(Beginning of Stored data)

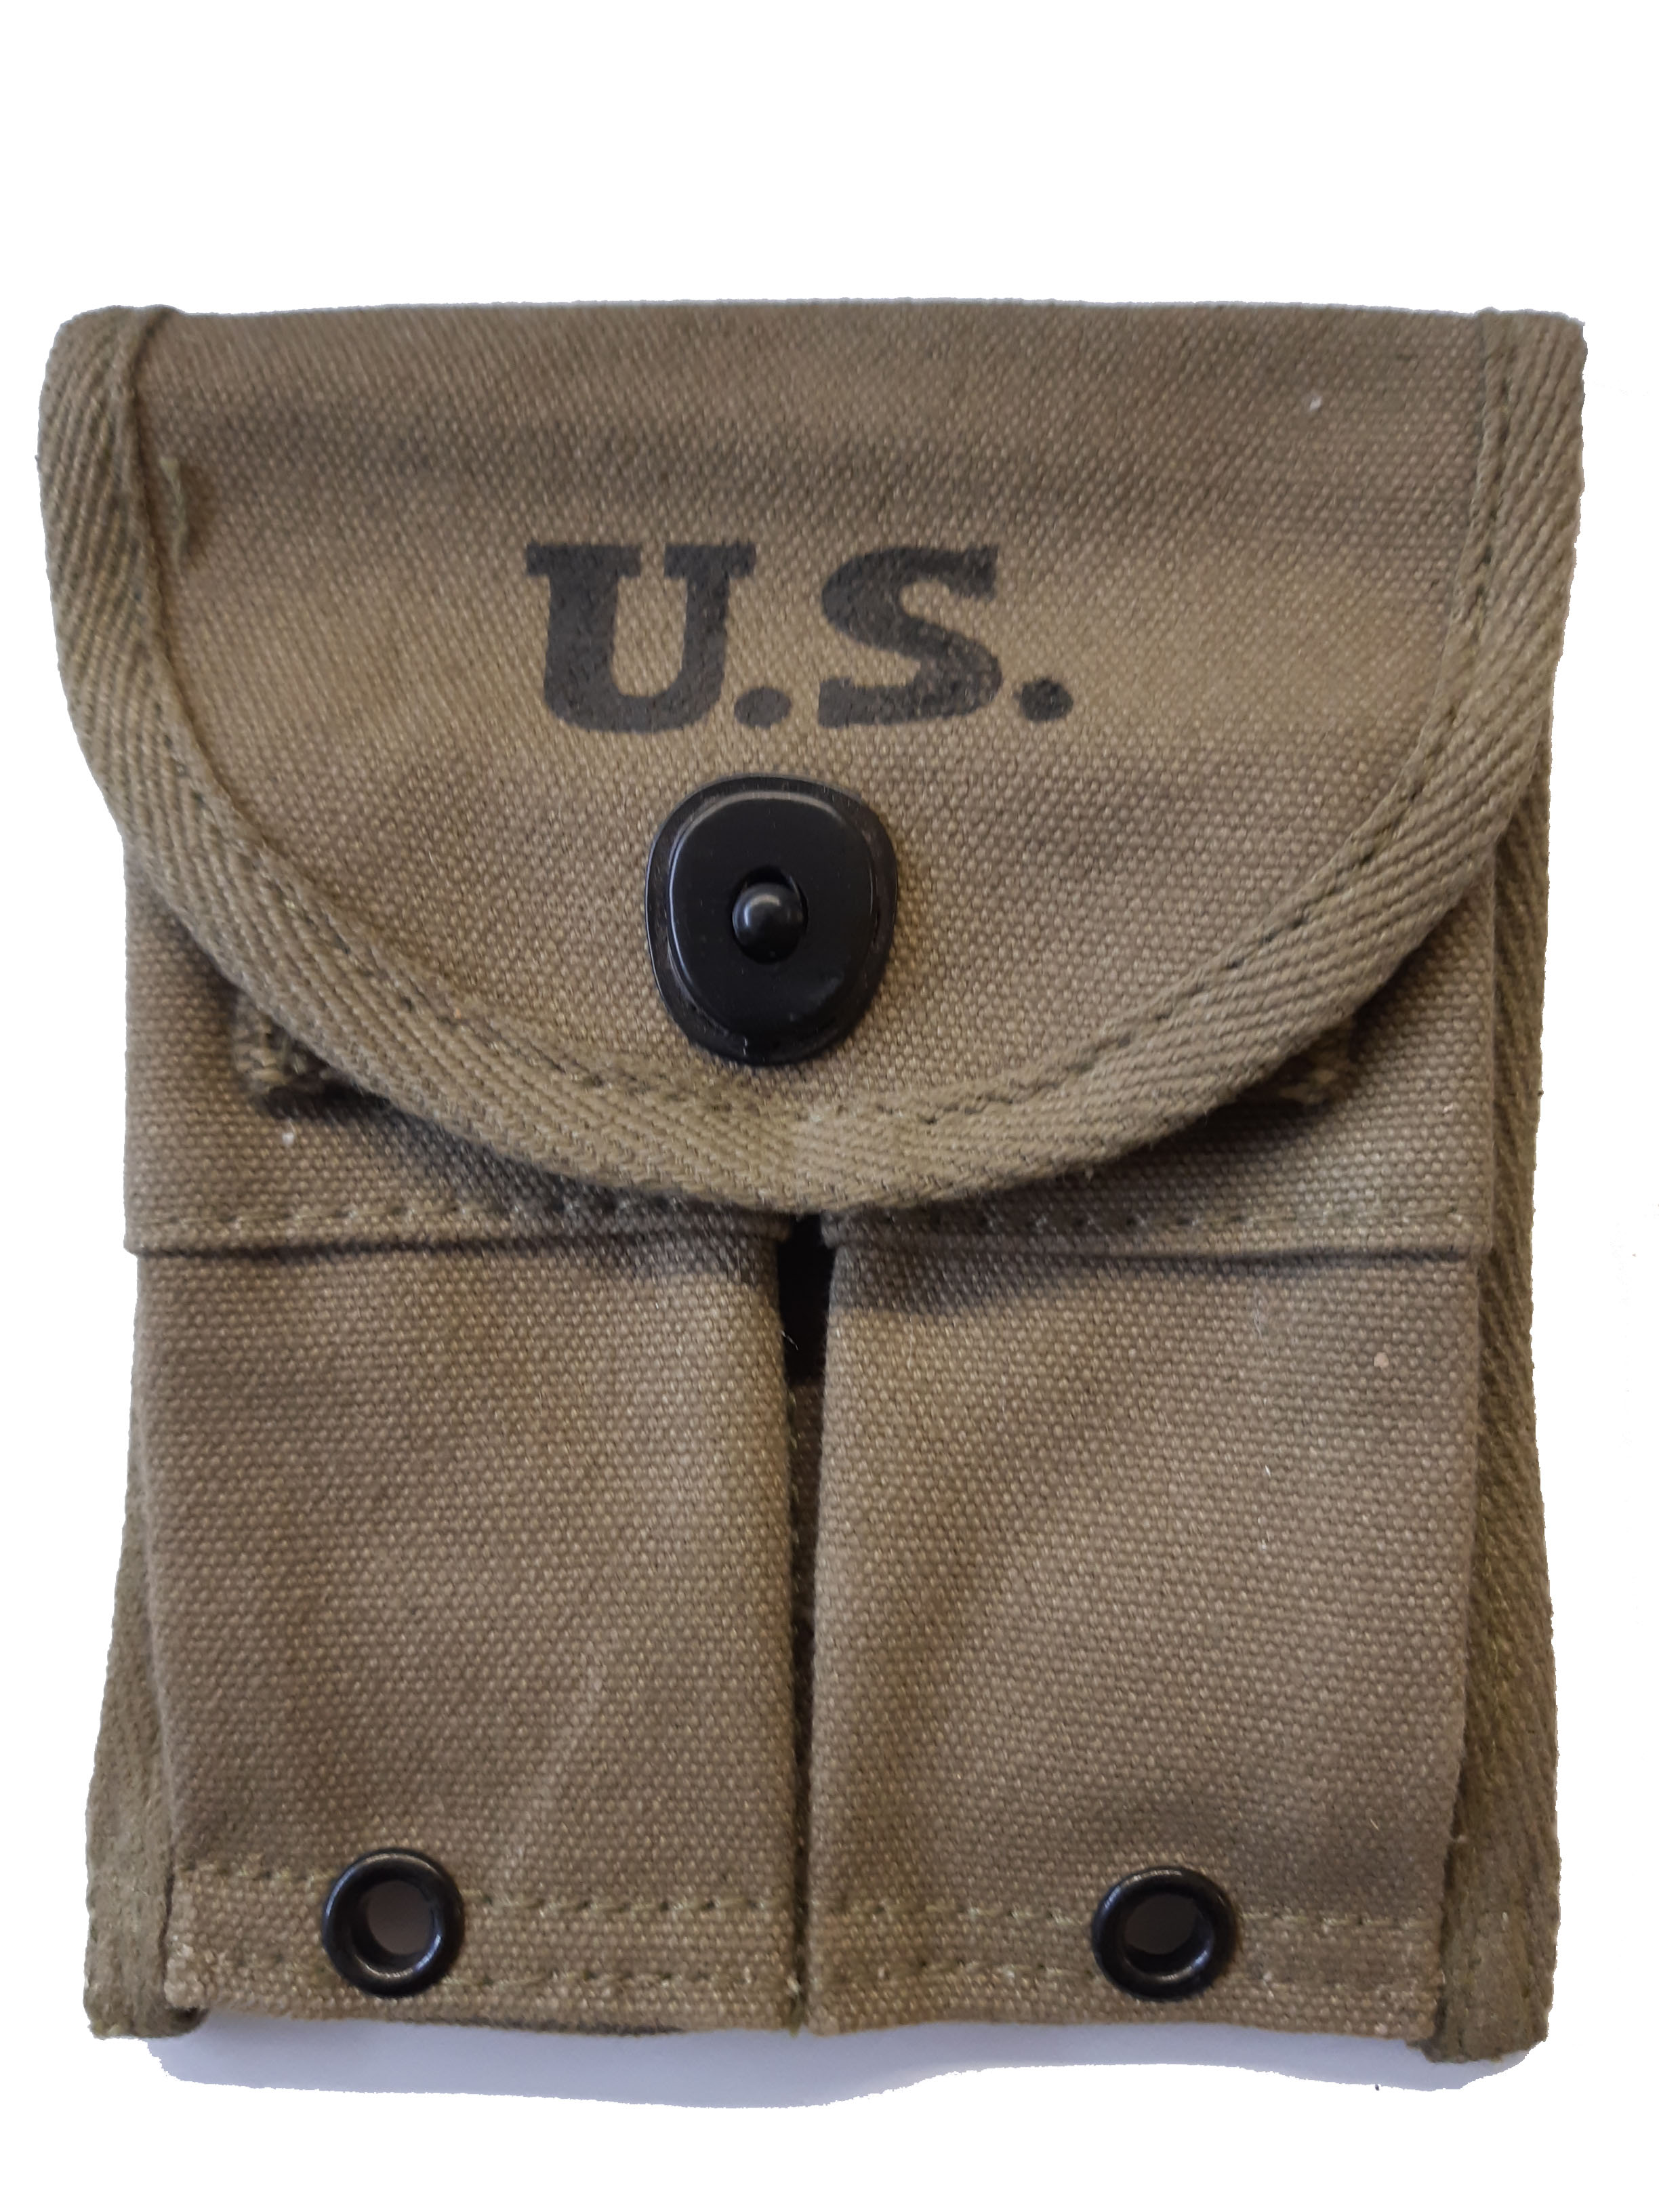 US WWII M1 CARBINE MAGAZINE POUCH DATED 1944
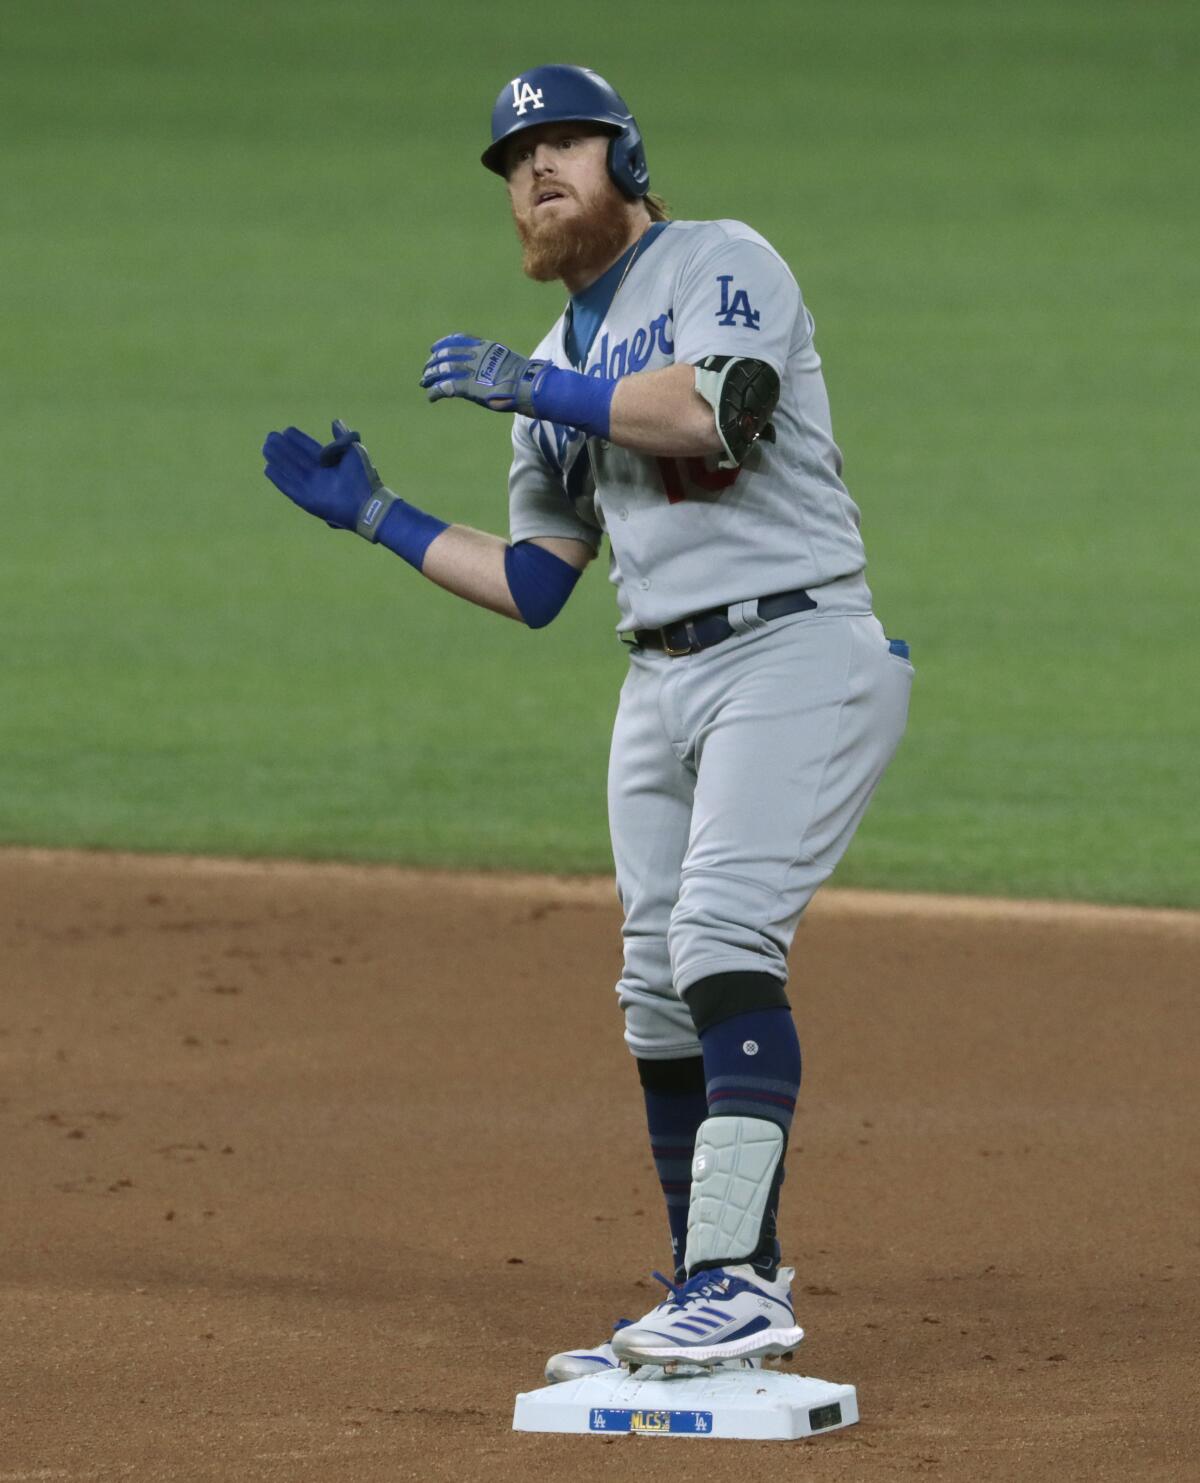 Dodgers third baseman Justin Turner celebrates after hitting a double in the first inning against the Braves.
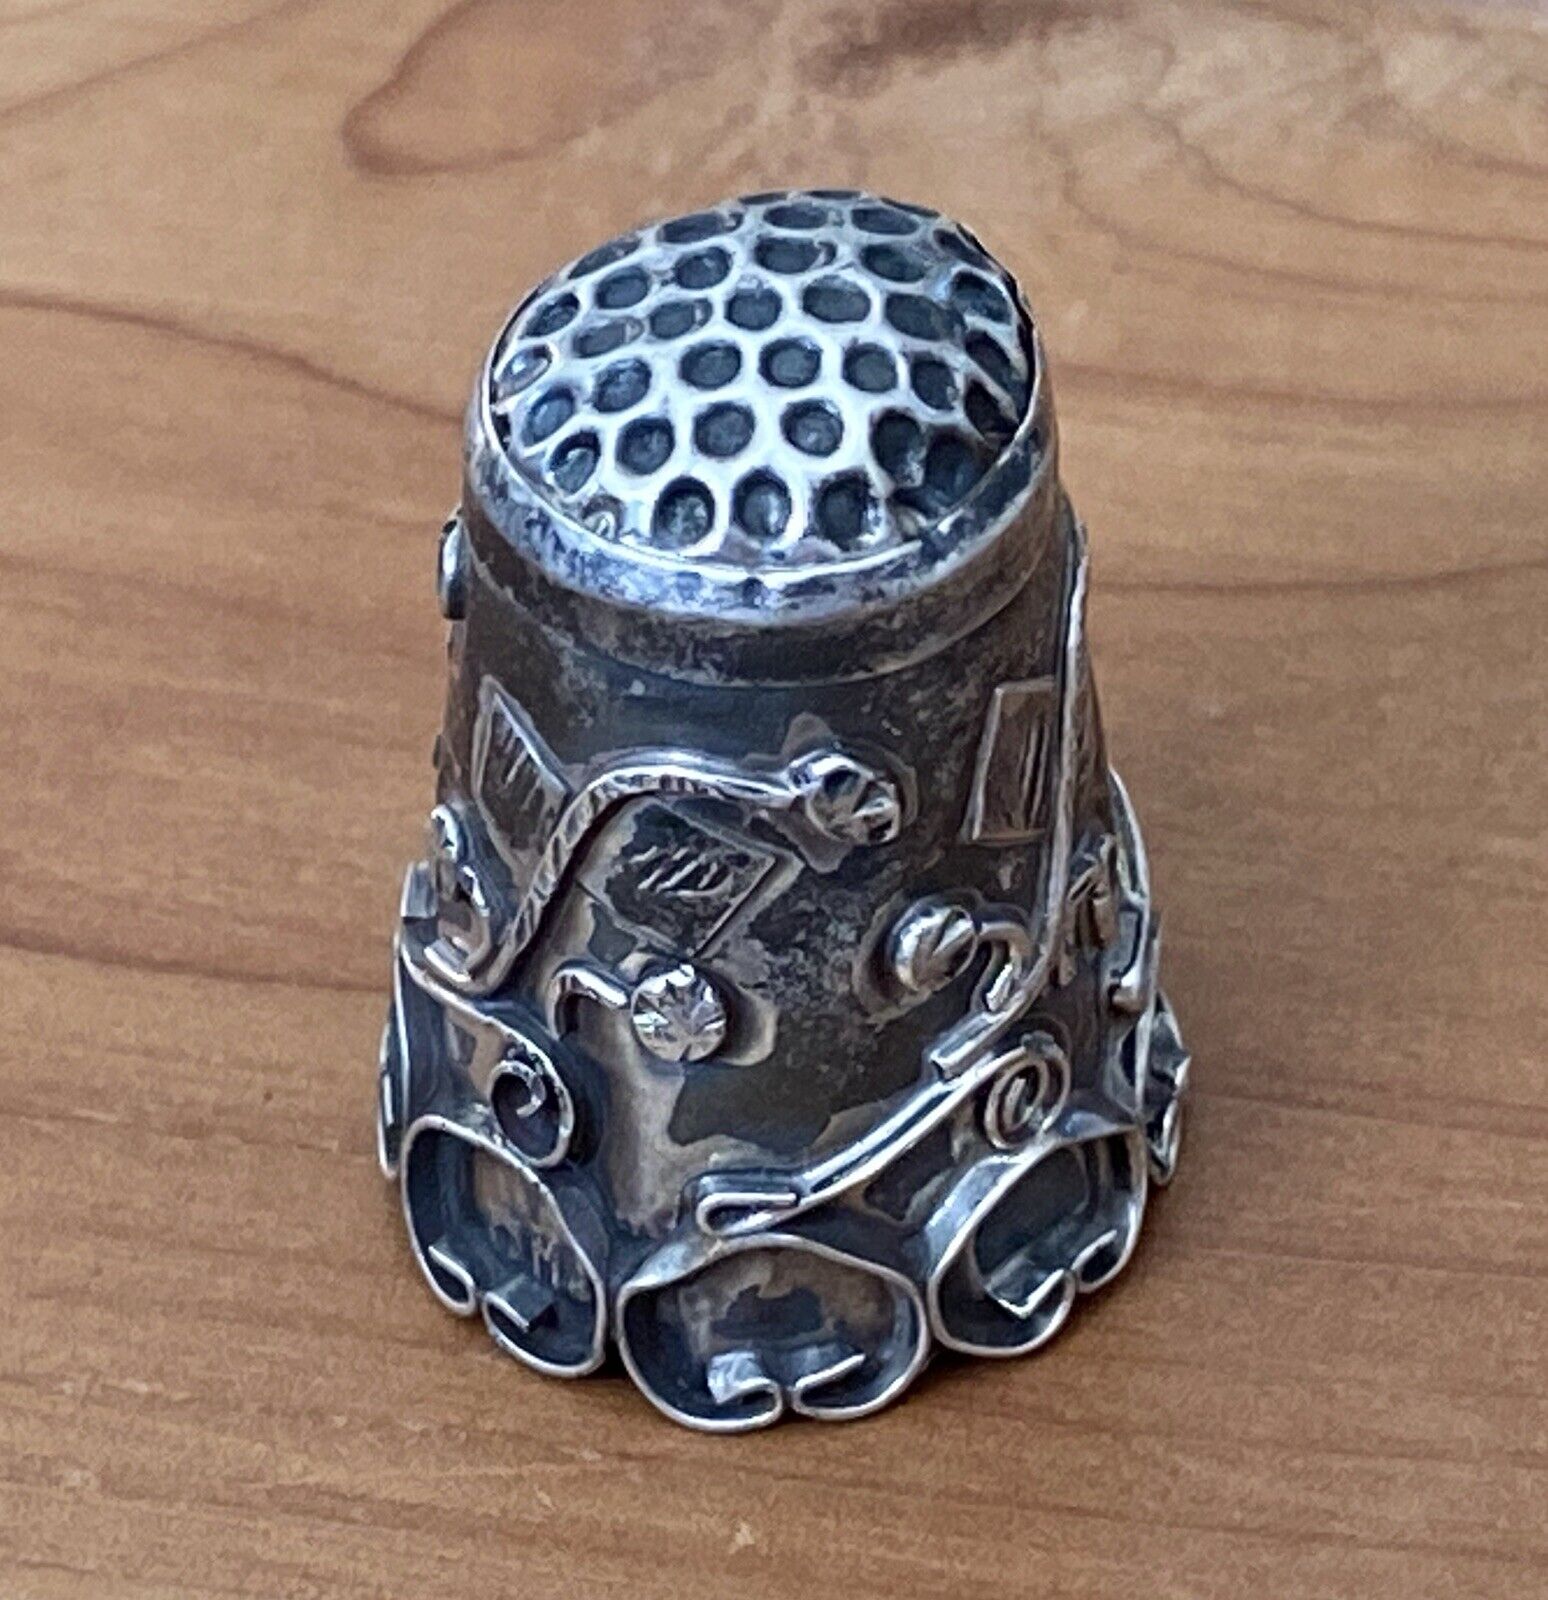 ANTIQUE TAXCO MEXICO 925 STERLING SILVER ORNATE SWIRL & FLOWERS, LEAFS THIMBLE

(End of Stored data)

■ What is required:
Reproduce the data exactly, please, and omit its pictures.

■ Reply to the exercise:
 US WWII M1 CARBINE MAGAZINE POUCH DATED 1944
 Dodgers third baseman Justin Turner celebrates after hitting a double in the first inning against the Braves.
 ANTIQUE TAXCO MEXICO 925 STERLING SILVER ORNATE SWIRL & FLOWERS, LEAFS THIMBLE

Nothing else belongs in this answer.